Look, the real reason we are in this mess with "terrorism", or more specifically Middle Eastern and Central Asian Islamic Terrorism is because of our Cold War policies. "He may be a bastard, but he is our bastard" is the buy we gave dozens of "friendly" regimes during the Cold War, and now the poor, desperate and downtrodden people who lived under those dictatorial regimes we helped prop up are pissed at us. They associate us with their oppression and they are hungry and angry and ready to be manipulated by whacko billionares on a mission from God.
"Winning the war on terrorism" is going to be, basically, a war fought with PR and economics. We have to make the rest of the Islamic world look like Indonesia and Malaysia, where they make Pentium chips and don't extract natural resources to line the pockets of their oppressive leaders. We have to tell the king of Jordan that jailing a cleric for writing an anti-American editorial in the newspaper makes him a bigger fuckwad than the cleric. More signifigantly, though, we have to break with the "our bastard" foreign policy. All it can do is create a situation in another 50 years that is worse than what we have now.
I remember, Bush gave a speech in 2003 and said something to the affect of "the United States will no longer do business or support countries that do not have real democracy in place." It was a more eloquently written speech than that, which he butchered in his trademark ways, but that what the gist. A few hours later my friend Rob sent me an IM, asking if I had seen it. I was like "Yeah. Did he just tell the Egyptians and Sauds to go fuck themselves?" It was, frankly, the first thing I had seen Bush do that I was 100% behind. Rob (A GOP Partisan) for just a split second had me about to buy the "Bush as bold leader" bit.
The backpedaling started immediately. Within 48 hours everyone in the national security and displomatic corps were on TV going "No, we didn't really mean that."

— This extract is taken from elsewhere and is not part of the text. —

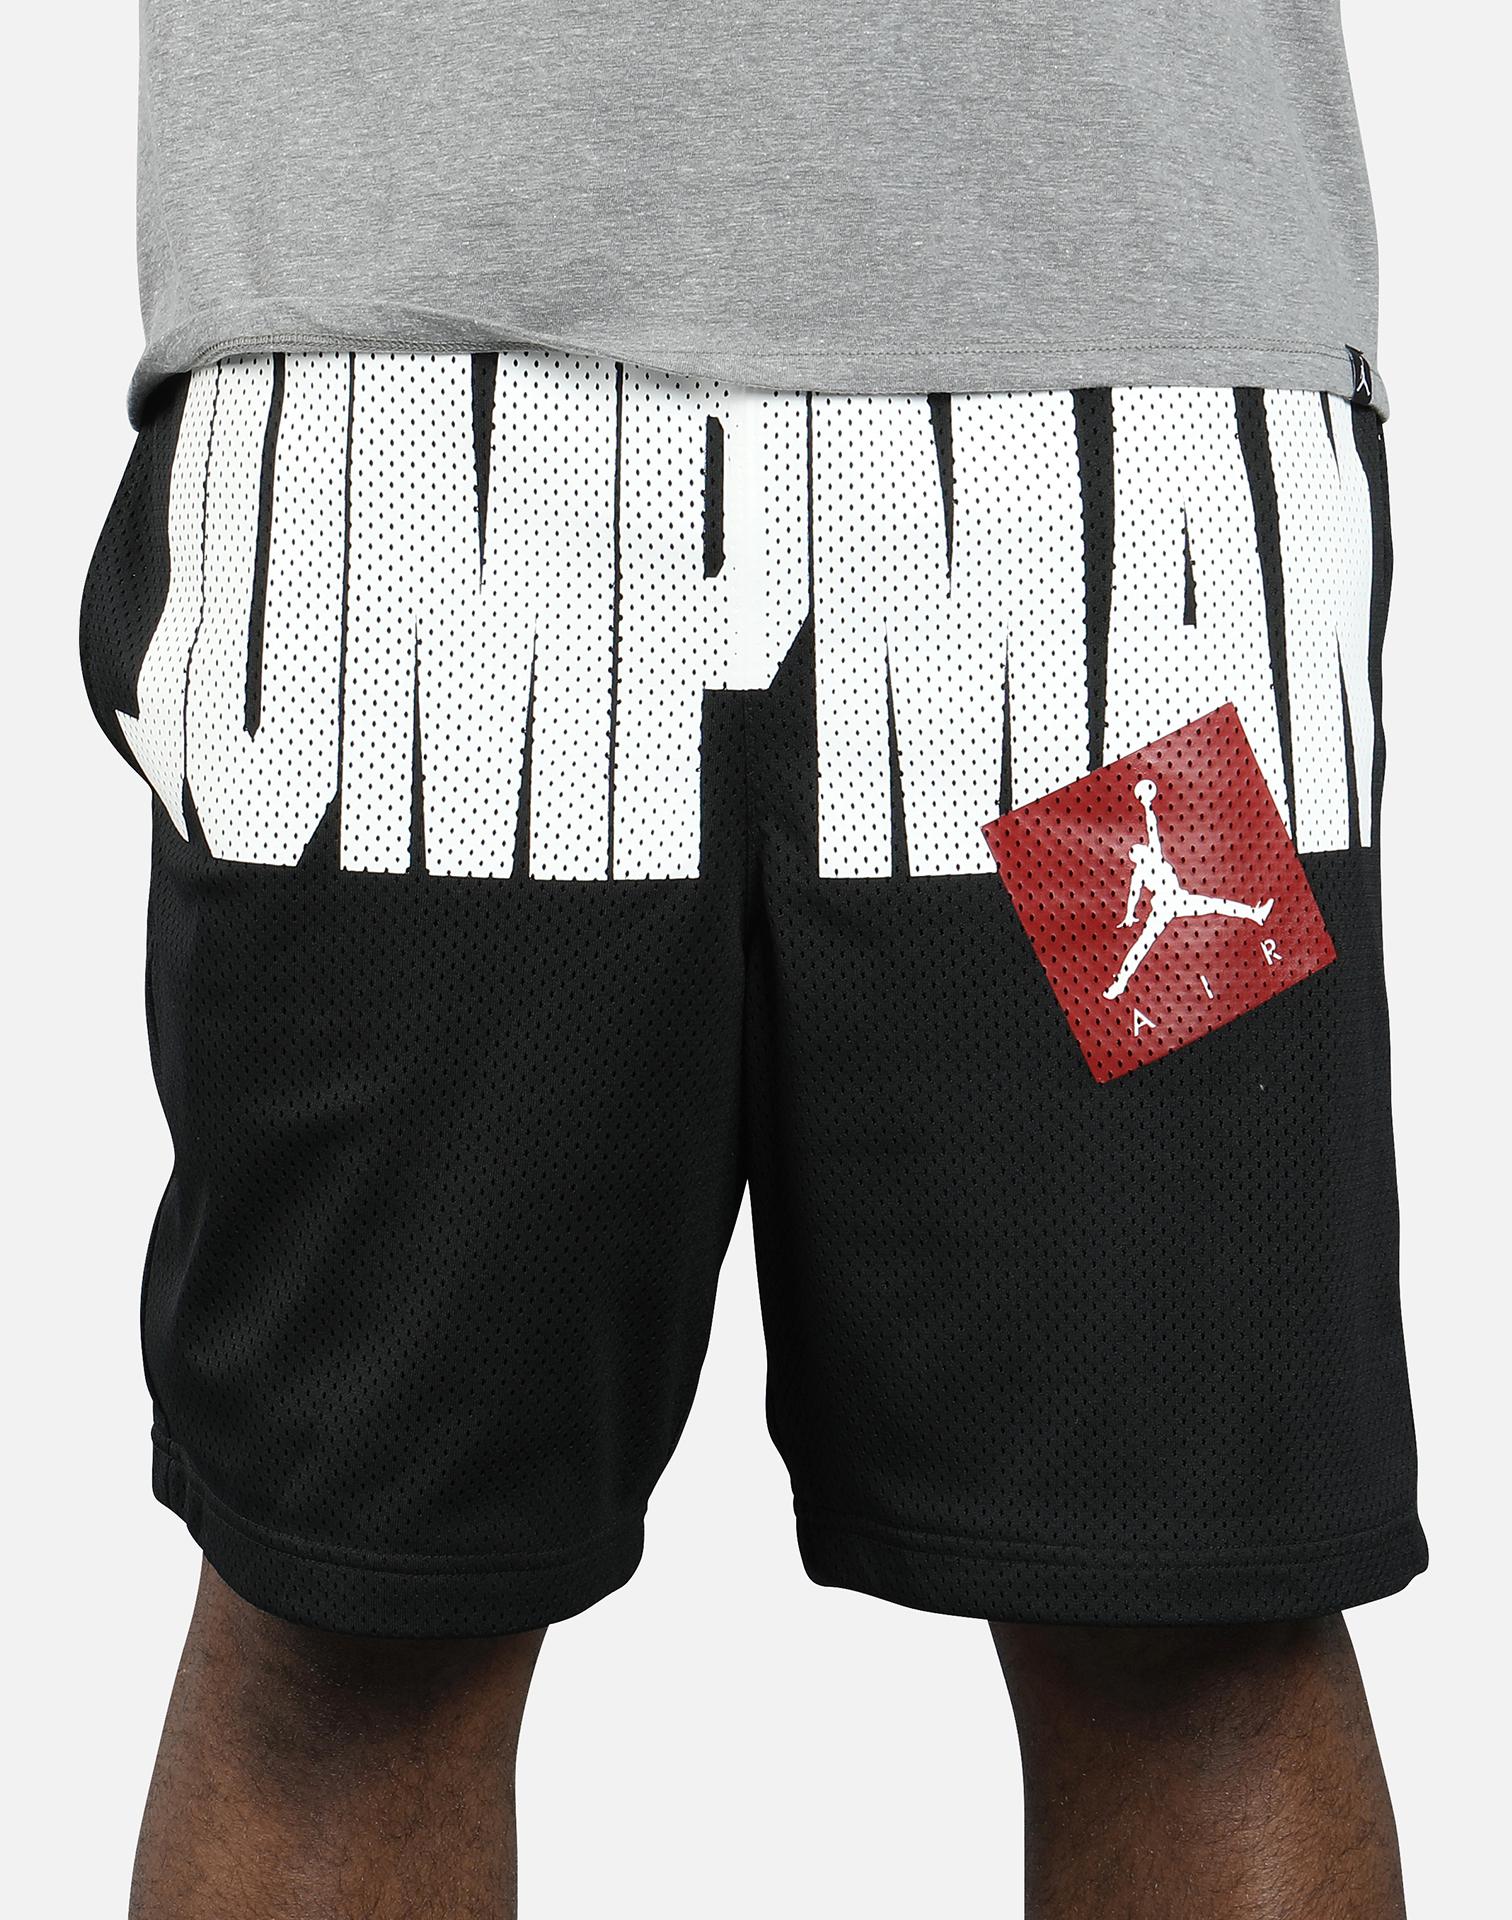 jumpman mesh shorts

I am a believer in the "real politik", and yet I am also a believer in conducting our business as a nation according to the actual values we profess -- that means we don't prop up dictators, we don't talk about "The Salvadore Option" in Iraq, we don't torture people, we don't ship Canadian citizens off to Syria to be tortured, then give flak to the Syrians for, you know, being brutal.
It's funny, though -- speaking of values. A certain home run slugger said to congress he didn't want to talk about the past w/r/t his possible use of steroids. Oh the hand wringing. Oh the gnashing of teeth. At the same time, our President has refused to talk about what drugs he may or may not have taken prior to finding Jesus (under his matress I suspect) in 1975. Porter Goss would say before congress a day earlier that "The CIA is not torturing anyone right now" but declined to say whether or not we had tortured anyone in 2004. Why is it moral turpitude of an overpaid dancing monkey on the TV is somehow worthy of more time in the press than our own government?
Maybe our own government has become one of those "our bastards."








Comments
RE: Our Bastard
Well put, the North Korea - Parkistan thing has always been troubling. Pakistan is the big ally and yet they sold nuke secrets to several nations and in many ways are MORE of a threat than some of the countries the US invades (I say video footage of a demonstration back when the Pakistan - India tensions were high were the Pakistanis paraded a nuke around town and did religious dances and chants and shit, worst case scenario, a religiously/ideologically motivated person(s) with a bomb - REGARDLESS OF WHAT RELIGION?
And they arent the only ones, the Saudis are also a great point. I heard a SAUDI AD ON THE RADIO not too long back, made me sick, something to the affect of we are your great friends and would never harm you, they are ADVERTISING for support? (99x Atlanta.)
All the hypocrisy, AND OUTRIGHT LIES, completly do not help, they destroy any attempt at any consistent policy anywhere.
I could go on and on here about a "war on terrorism" and the entire current geopolitical bullshit situation (do you "win" a war against an ideology? and even if you can do you do that with guns and bombs or with books and cheese sandwiches?) but its all been said here before so I will just stop bludgeoning the corpse of the horse.